Давид счастливо рассмеялся.
— А вы разве не поняли? — спросил он. — Я думал, музыка вам расскажет. Я был так счастлив, так рад! Меня разбудили птички на деревьях, они пели: «Ты нужен! Ты нужен!», и солнышко спустилось вон с того холма и сказало: «Ты нужен! Ты нужен!», и веточка постучала мне в окно и сказала: «Ты нужен! Ты нужен!». Так что пришлось взять скрипку и рассказать вам об этом.

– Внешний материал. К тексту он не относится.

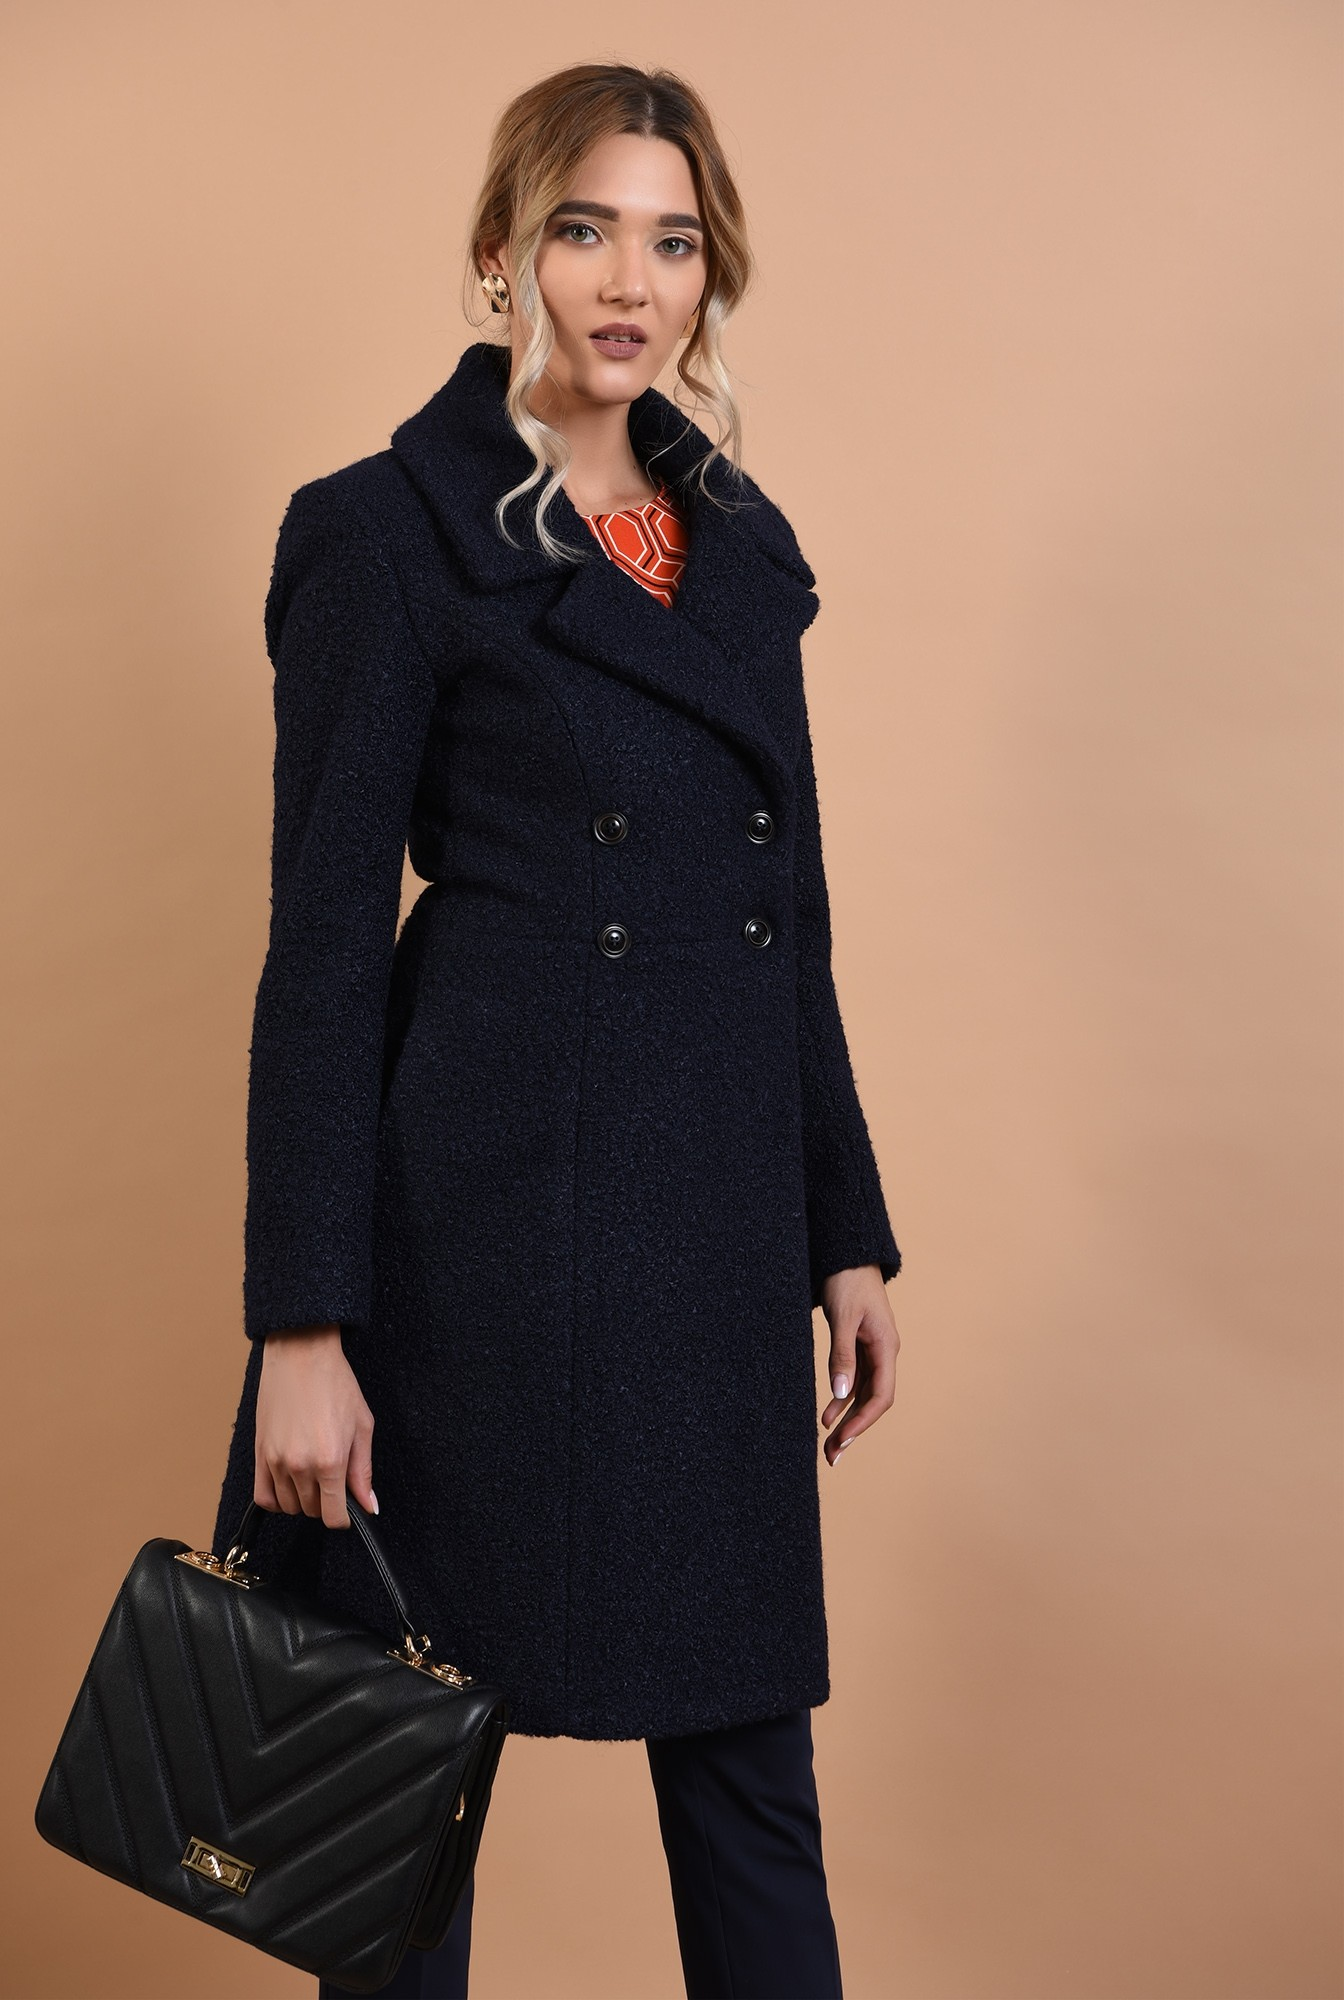 2 - palton bleumarin, cu nasturi, revere crestate, anchior petrecut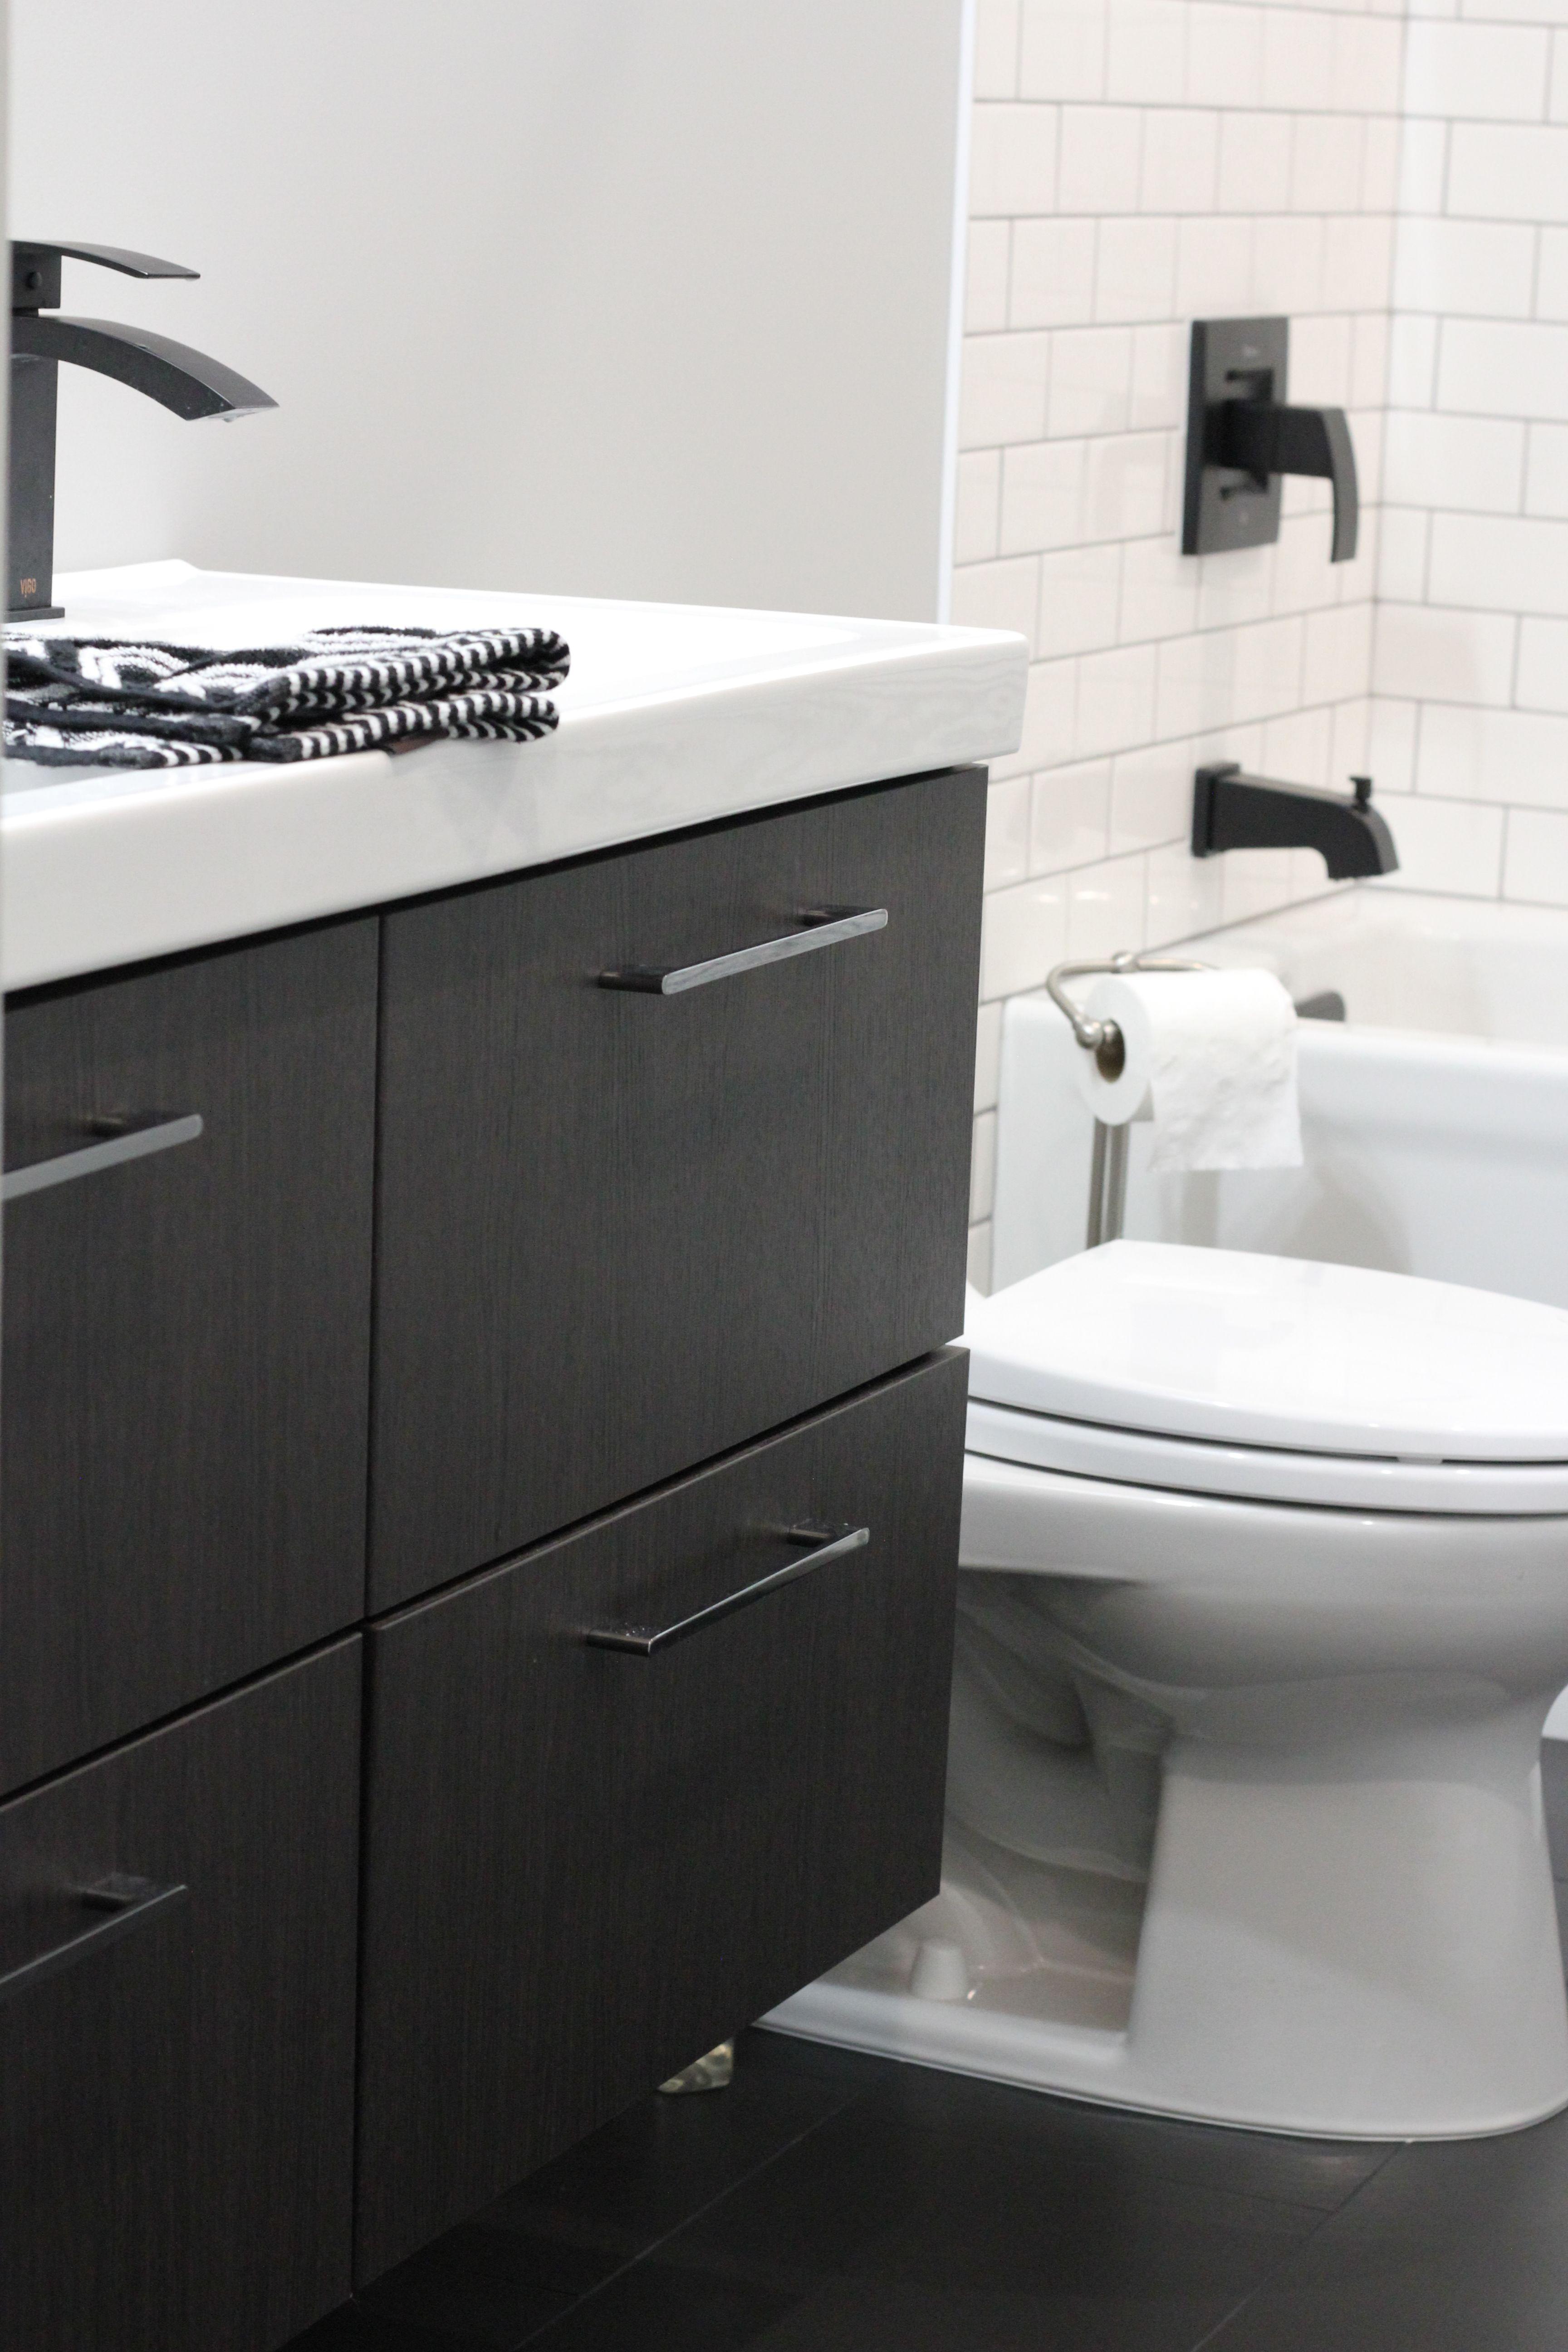 Home decor, bathroom remodel, White subway tile, delorean gray grout ...

— Но сегодня воскресенье — день Господа, — строго осадил его мужчина.
Давид стоял неподвижно, и в глазах его был вопрос.
— Значит, ты совсем язычник? Тебе когда-нибудь говорили о Боге?
— О Боге? Конечно! — улыбнулся Давид с явным облегчением. — Бог заворачивает бутоны в коричневые одеяльца и укрывает корни…
— Я не говорю про коричневые одеяльца и корни, — сурово перебил мужчина. — Это день Господа, и мы должны чтить его святость.
— Святость?
— Да. Тебе не следует играть на скрипке, смеяться и петь.
— Но это хорошо и прекрасно, — возразил Давид, широко распахнув изумленные глаза.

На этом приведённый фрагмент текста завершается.